Но наказания сыпались на нее безостановочно, потому что так уж устроена жизнь. Мать умерла спустя три месяца после ухода Мэдхен. Это был жестокий удар, который, после длительного периода привычного ей послушания, буквально выбил ее из колеи. Возможно, она унаследовала от отца убежденность, что верность семейному долгу должна окупаться, оплачиваться, как по счету. И Мэдхен возненавидела отца – не за мать, а за себя.
Это было новое ощущение – стремление пойти наперекор отцовским желаниям. И, руководствуясь им, она нашла способ налагать наказания точно так же, как раньше смирялась с наказаниями: она отказалась принимать от отца деньги и пресекла с ним всякие контакты, напоследок намекнув ему, что у нее героиновая зависимость. Эта последняя мина, коварно подложенная под слишком долго испытываемую отцом гордость за дочь, к несчастью, не была муляжом. Она бросила университет снова, но не для того, чтобы уехать в Констанц. В Констанц она больше не вернулась. Ее домом стал Берлин.
Прохладным солнечным утром Мэдхен рассказывала о себе, пока они шагали по Колледж-авеню к станции городской электрички в Рокбридже, позавтракав круассанами с латте в кафе «Медитерранеум». Там они нашли бутик и потратили пару двадцаток на свечи и ароматические палочки. Потом вернулись по той же авеню к Пиплз-парку и присели на скамейку, и она поставила бумажный пакет с покупками на землю. Они с Бруно нашли укромный уголок Беркли под открытым небом, но ее рассказ словно заключил их в защитный пузырь, к которому никто не смел приближаться. В обществе немки человек в маске как будто вознесся к горним вершинам, где стал неуязвим, а возможно, и одухотворен, так что его никак не могли принять просто за эксцентричного обитателя здешних мест. Его больше не волновал ни этот парк, ни то, что было с ним связано. Парк его больше не трогал.
Мэдхен не стала вдаваться в подробности того, каким образом в последующие десять лет она преодолела пристрастие к героину и пришла к увлечению вегетарианством и велосипедом и как стала официанткой в черной маске на молнии, подающей канапе с креветками в богатом особняке на острове Кладов, или как попадала в ситуации, после которых ее тело покрывал слой блесток. У Бруно не было нужды читать ее мысли, чтобы узнать о любовниках, втянувших ее в эту жизнь, о череде мерзких работодателей или о солидарности берлинских секс-работниц. Наркотики, безусловно, остались далеко в прошлом, потому что сейчас пышущая здоровьем Мэдхен была результатом работы хорошего дантиста и коуча, словом, демонстрировала жизненную силу, и на ее фоне бродящие по парку загорелые городские юнцы в дредах смахивали на жертв взрыва нейтронной бомбы.

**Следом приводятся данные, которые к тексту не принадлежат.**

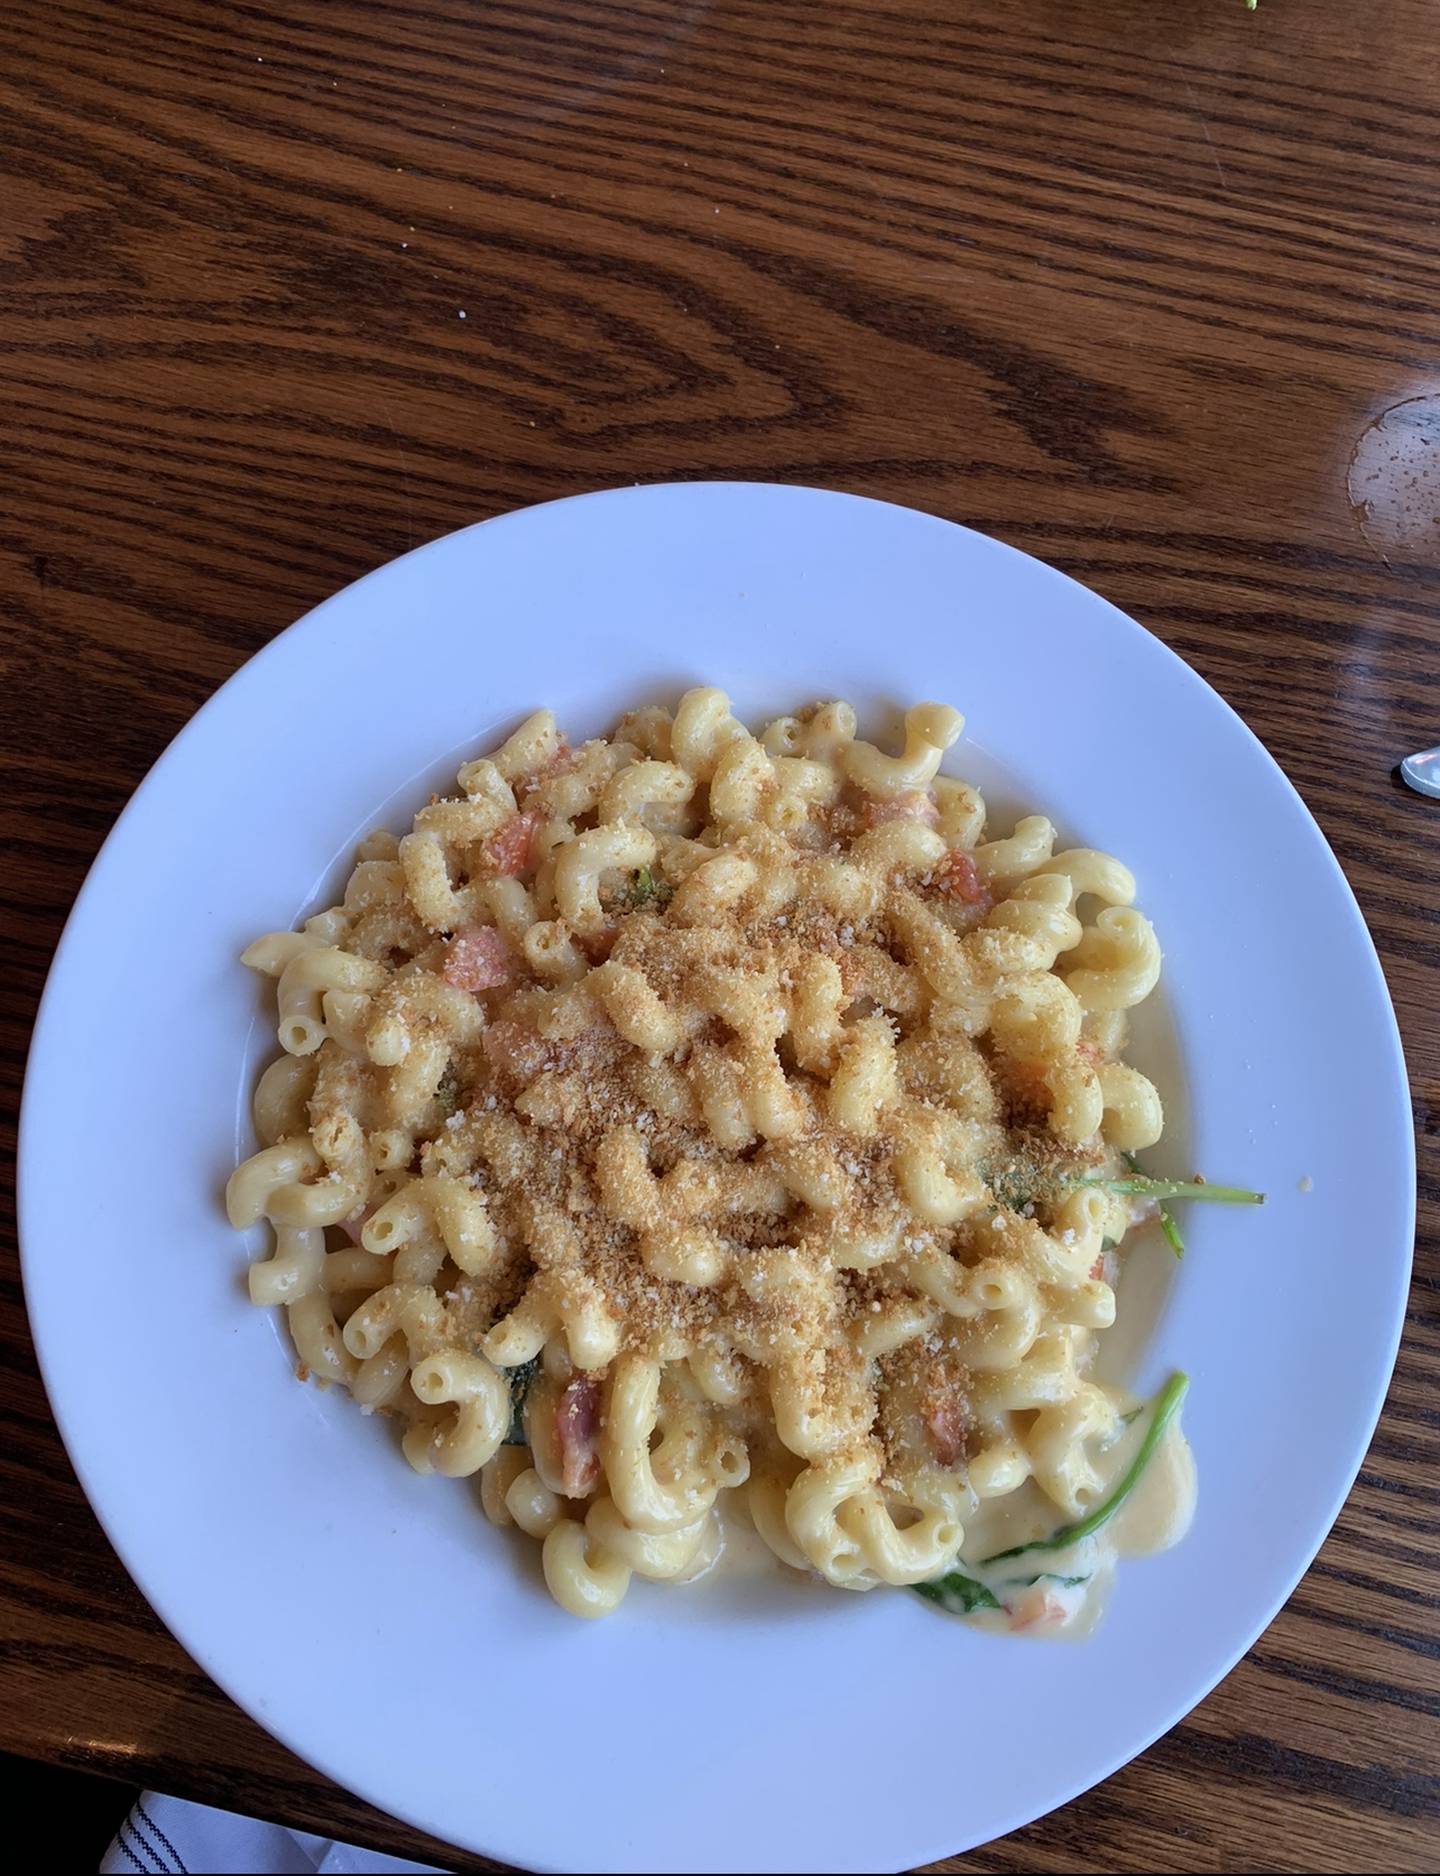 "NOT Your Mom's Mac & Cheese" lives up to its name, as it's an entree unto itself. Topped with several cheeses, bacon and breadcrumbs, this pasta dish is filling and delightful.

В тот самый момент когда Мэдхен тронула его за руку и спросила о родителях, Бруно содрогнулся и даже запаниковал при виде старухи, которая показалась на Хейст-стрит и катила перед собой ржавую тележку из супермаркета, наполненную мешками с гремящими алюминиевыми банками. Женщина казалась аллегорией сизифова труда. И, разумеется, это была никакая не Джун. Джун умерла.

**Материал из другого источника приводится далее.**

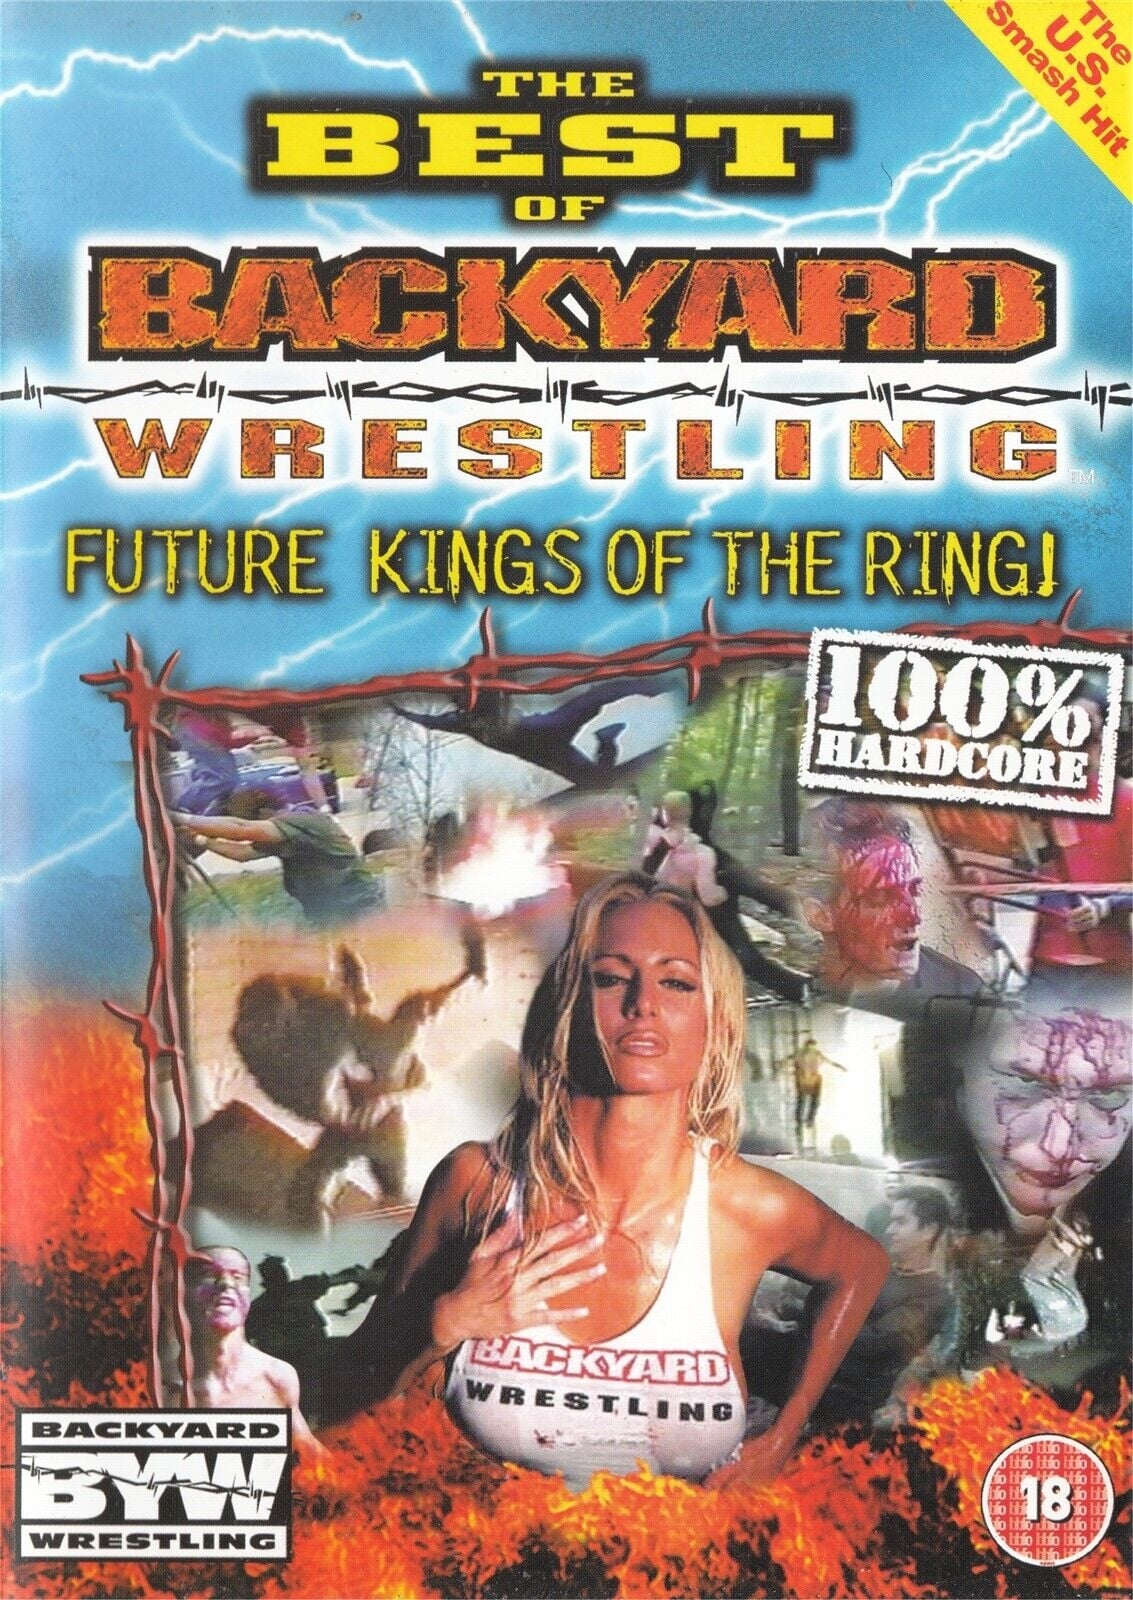 The Best Of Backyard Wrestling: Future Kings Of The Ring

– Я здесь вырос. – Она не могла знать, насколько правдивы были эти слова. Но раз уж Мэдхен, поведав о своей жизни, познакомила его с родным Констанцем, то и он привел ее в мучительное святая святых своего детства. Но он не собирался даже произносить вслух имя матери. Тем не менее он почему-то ощущал ее присутствие, словно она вдруг возникла из пустоты, соединив в себе старушенцию, которая, слава богу, удалилась со своей звякающей тележкой, и сидящую рядом с ним на скамейке женщину – Мэдхен с ее странной целомудренной приземленностью. Но его воспоминаниям вовсе не обязательно было сближаться: они могли попросту дрейфовать в пустоте и соединиться в нечто неразличимое – и напугать. Все обездоленные грустные девушки склонны к падению, к попаданию в силки. Кое-кому удается подняться и вырваться из силков, хотя бы отчасти. Бруно немного потешил себя этими мыслями и выбросил их из головы. Мэдхен терпеливо ждала.
– Я никогда не знал, кто мой отец, – произнес он наконец.
– А мать?
О, да вон же она! Но старуха с тележкой уже скрылась из вида.
– Ты не знаешь, твой отец жив? – сменил тему Бруно.
Она пожала плечами.
– Должен быть жив. Иначе мне бы уже позвонил кто-то из его адвокатов,
– Ясно. Если бы моя мать умерла, я об этом даже не узнал бы. Да и никто не узнал бы. – Бруно оставил это замечание висеть в воздухе, подобно сухому обесцвеченному листу.